Chrome Beta und Crome Canary sind zwei unterschiedliche Dinge. Canary kommt sogar vor dem Chrome Dev., dann Beta, dann Stable.
Beta: https://www.google.de/chrome/browser/beta.html
Canary: https://www.google.de/chrome/browser/canary.html

thommesborg
Mitglied

Was nicht mehr funktionierte war sogar der Chrome Stable.
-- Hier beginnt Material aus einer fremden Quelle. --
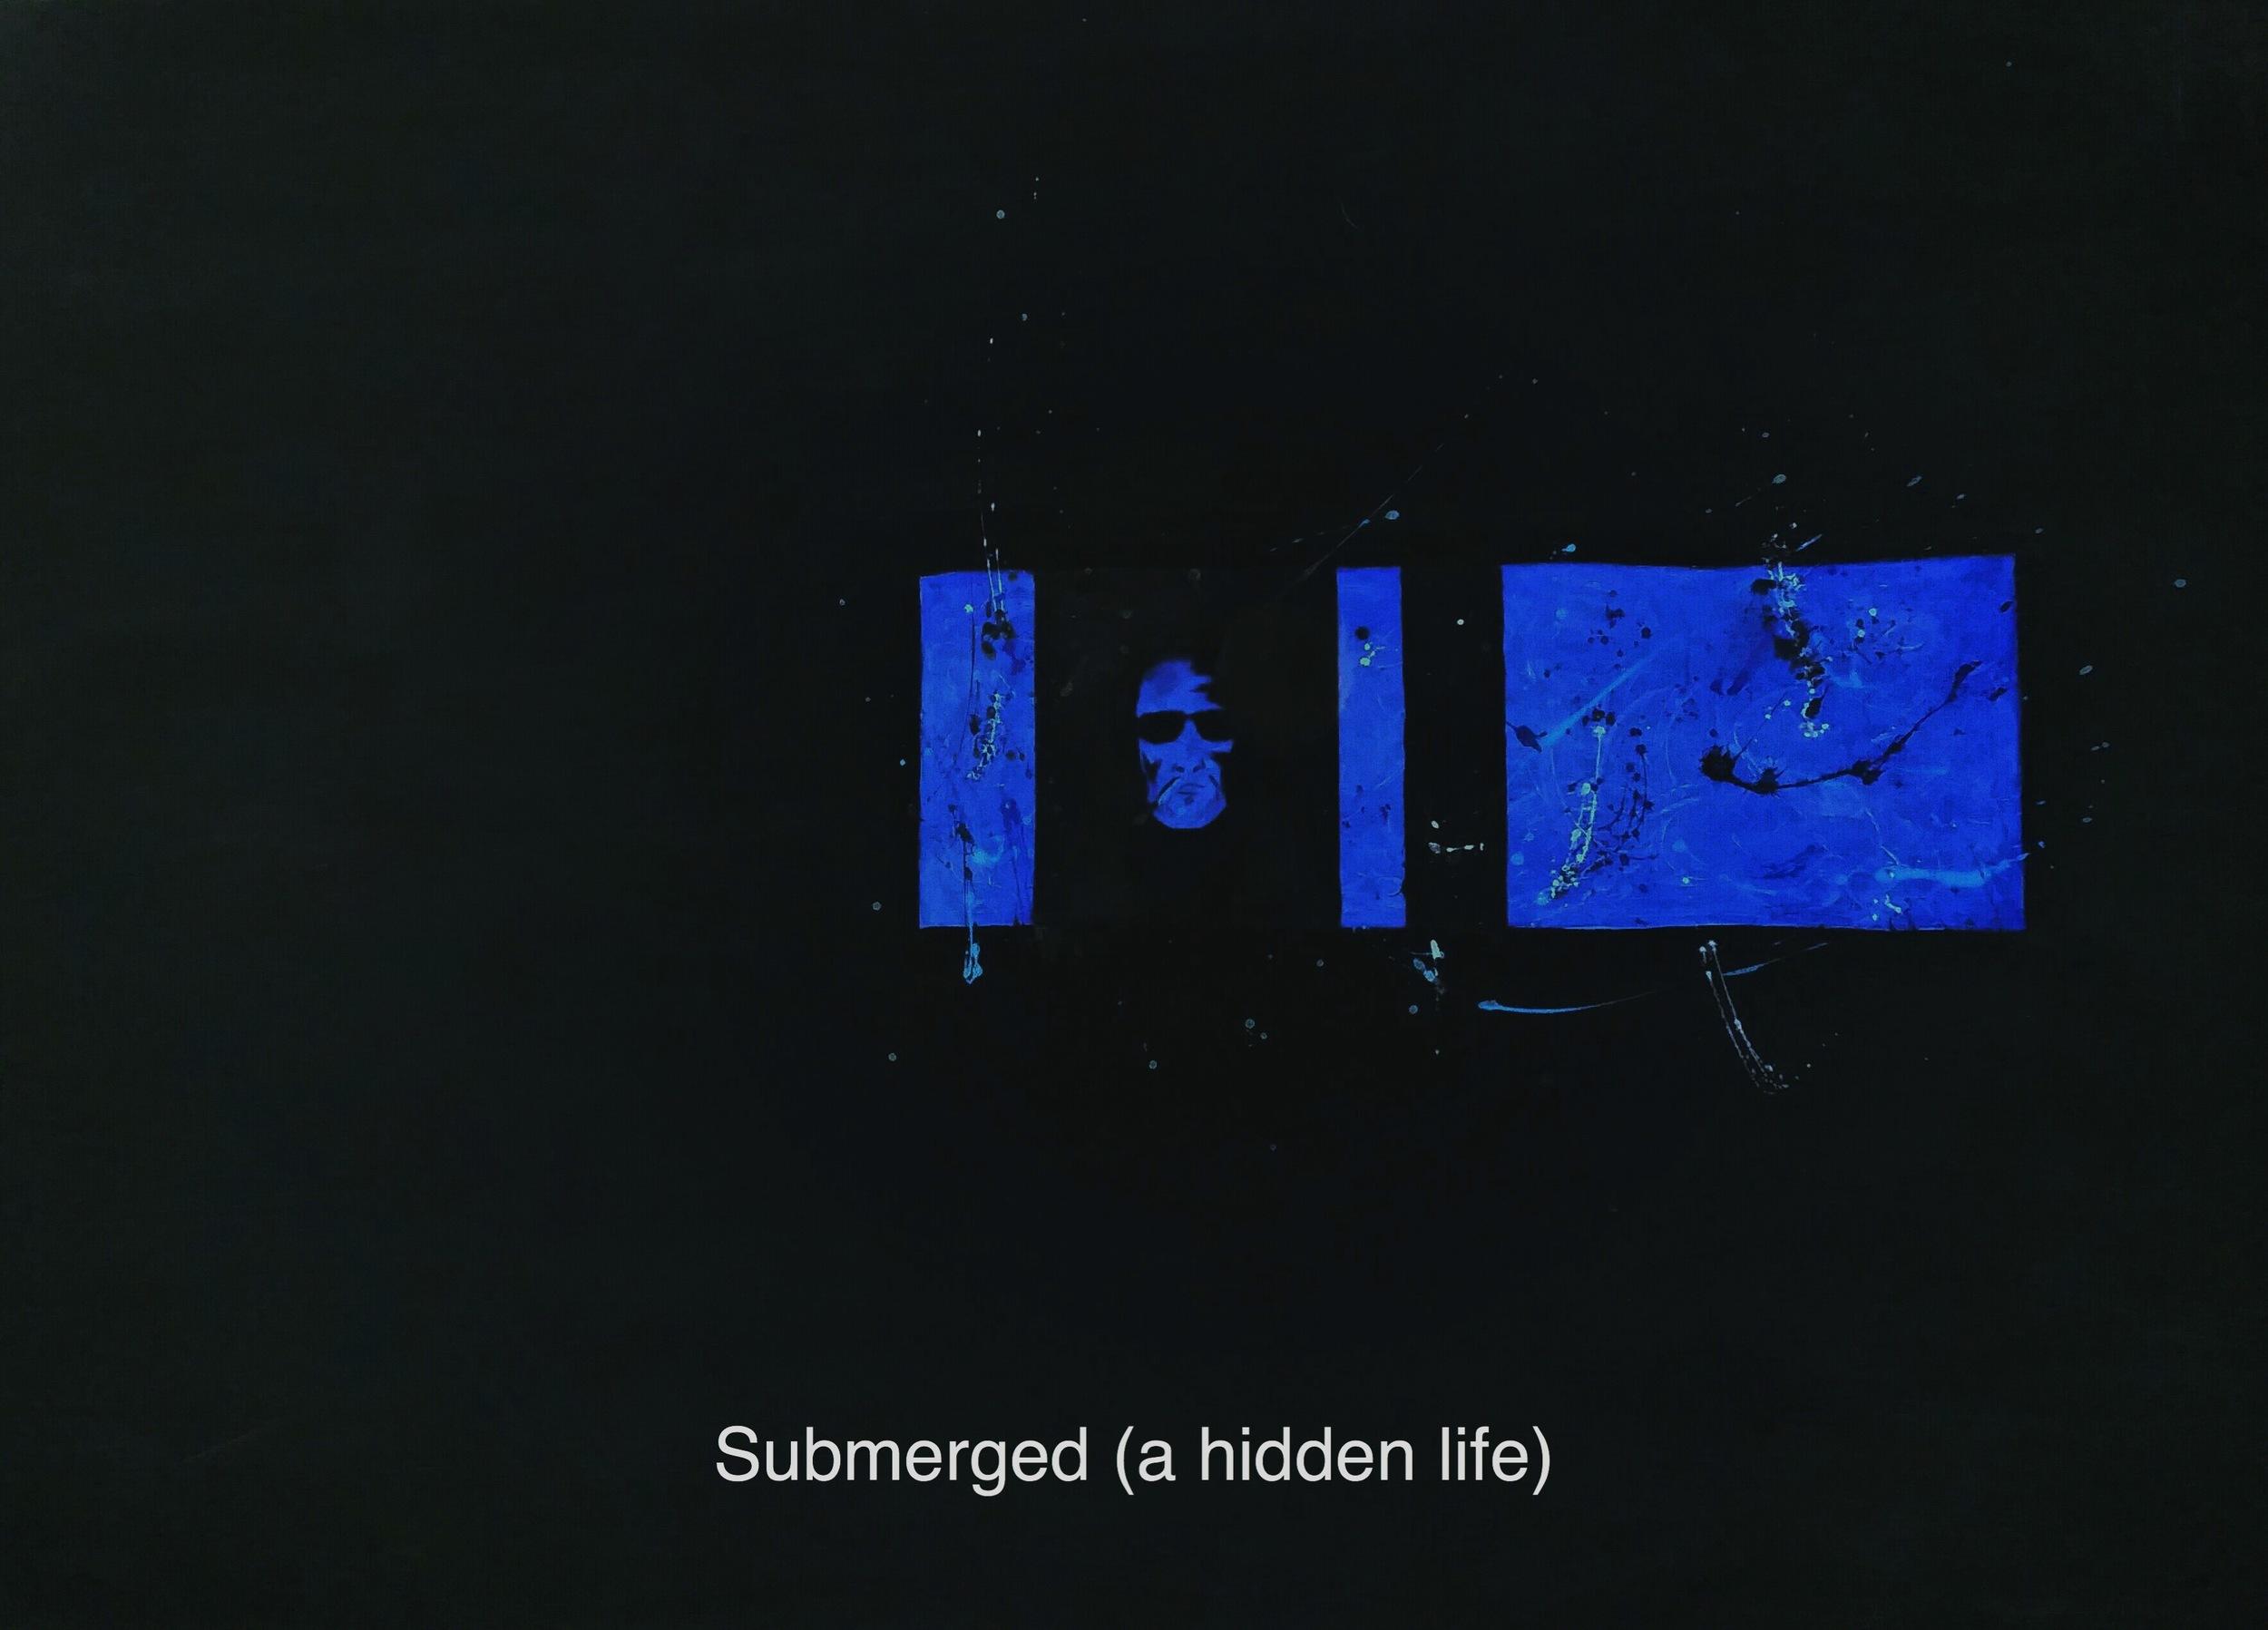 Submerged (a hidden life).jpg

Die Meldungen unserer Nutzer im Chrome Hilfe Forum zeigten dies sehr deutlich.

Bernd
Gast
Bernd

„Für Neugierige gibt es außerdem eine 64 Bit Beta Version, genannt Chrome Canary.“
Falsch. Einfach nur falsch. m(
Siehe auch: http://dev.chromium.org/getting-involved/dev-channel

Timschges22
Mitglied

Das ist eben typisch Google…

thommesborg
Mitglied
Fumo
Mitglied

Ist es nicht Kundentäuschung etwas als 64bit zu nennen wenn es eigtl noch 32bit ist?
Erklären kann ich mir den workaround nur durch Indizierung des Inhaltes im RAM. Da wird das was eigtl im RAM gelagert wird nur durch eine Art Shortcuts darin gespeichert und die echten Daten liegen auf der Platte. So kann man, rein mathematisch, die 32bit Beschränkung aufheben.
Ich schätze brauche nicht zu erläutern wo das Sicherheitsrisiko dieser Methode liegt und es ist gut wenn MS es jetzt unterbindet.